Leading south from Bozeman towards Yellowstone National Park, the beautiful Gallatin Canyon is lined with tempting side trails, the easiest and most popular of which leads to Lava Lake. The trail follows rushing Cascade Creek through pine forest and lush meadows, before popping out into a gorgeous mountain-fringed bowl, part of the protected Lee Metcalf Wilderness.

There’s exhilarating paddling and trout fishing at the lake and the valley also makes an easy overnight camping trip, though fires are banned within half a mile of the shoreline. The Lava Lake Trailhead is a 30-minute drive from Bozeman, southwest on Hwy 191, but take particular care where the trailhead road joins the fast-moving traffic on the highway.

View of Beehive Basin in Big Sky, Montana near Bozeman
Big sky views are guaranteed on the Beehive Basin trail © Ann Douglas Lott

Beehive Basin

Best for big sky views and microbrews

6.5 miles (10.5km) round trip, 3–4 hours, elevation gain 1500ft (457m), easy to moderate

Our favorite hike at Big Sky, 50 miles southwest of Bozeman, this half-day tramp climbs up through a stunning glacier-carved cirque to two alpine lakes that sublimely mirror the dramatic gneiss walls of the Spanish Peaks behind. En route, you’ll score views of pyramid-shaped Lone Mountain (itself the destination for an epic summer day hike) before winter cloaks its slopes with Montana’s best ski runs.

Pick up a gourmet picnic lunch en route to the trailhead at the Hungry Moose Deli in Big Sky, then round off a perfect Montana day with a post-hike microbrew at Big Sky’s Beehive Basin Brewery, named after this very hike.

Spanish Peaks

Best for sublime backcountry camping

15–25 miles (24–40km), 2–3 days, strenuous

If you’re looking for a classic multi-day backpacking trip, you can’t do better than the rugged and dramatic trip to Spanish Peaks, hidden deep in the Madison range southwest of Bozeman. A stunning group of mountain lakes gather at the base of 11,000ft (3350m) peaks, and the valleys come alive with mountain goats, deer, elk, bears, marmots and cute, rabbit-like pika.

There are dozens of gorgeous lakes to explore. The most popular route leads straight to the four Spanish Lakes, with a detour up a side valley to Mirror Lake. To expand the trek into a three-day/two-nighter, add on Jerome Rock Lakes and Lake Solitude. Alternatively, find your own unnamed tarn, set up camp for the night and watch the alpenglow climb the rock walls above.
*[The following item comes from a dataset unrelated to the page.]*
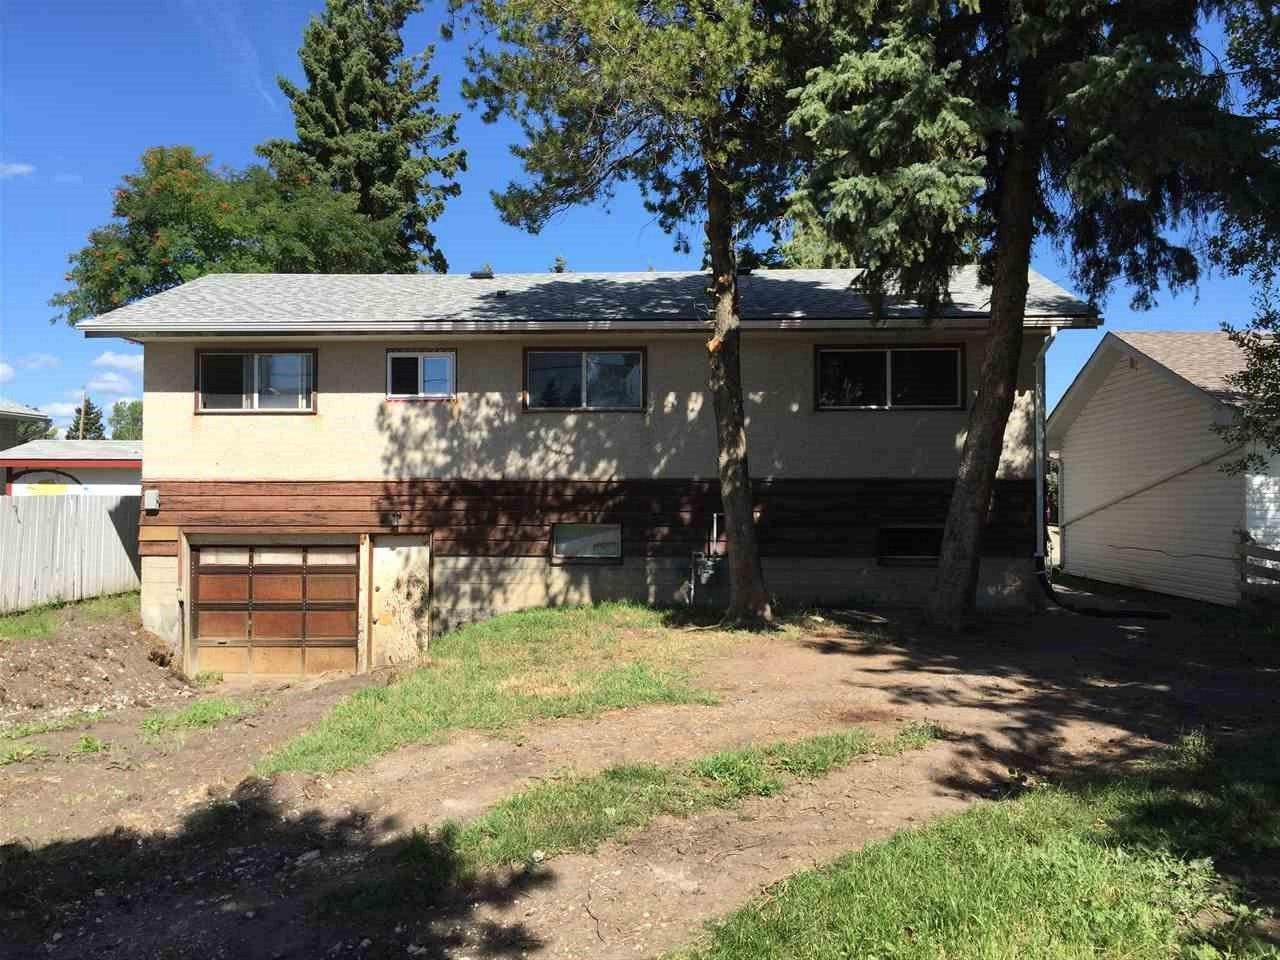 Photo 2: Photos: 9519 105 Avenue: Fort St. John - City NE House for sale (Fort St. John (Zone 60))  : MLS®# R2101318

The Spanish Peaks Trailhead is 30 miles (48km) from Bozeman, 8 miles (13km) up Spanish Creek Rd. En route, look for the grazing bison of the Flying D Ranch, owned by media mogul Ted Turner, founder of CNN.

Tips for hiking in Bozeman, Montana

  • Stop in at the Custer Gallatin National Forest office in western Bozeman before a hike to get the latest information on trail closures, fire conditions and bear sightings.

  • Montana is grizzly bear country, so carry a canister of bear spray, know how to use it and have it accessible at all times on any wilderness hike.

  • Don’t worry if you don’t have all the gear – Bozeman’s outdoor gear shops sell the essentials, including bear spray, bug spray, local topo maps and hiking guidebooks.

  • Four seasons come in one day in Montana’s mountains – always pack warm clothing, a dry base layer and a sun hat.

  • Don’t rely on cell coverage in the mountains; tell someone where you are going and when you plan to be back in case anything goes wrong.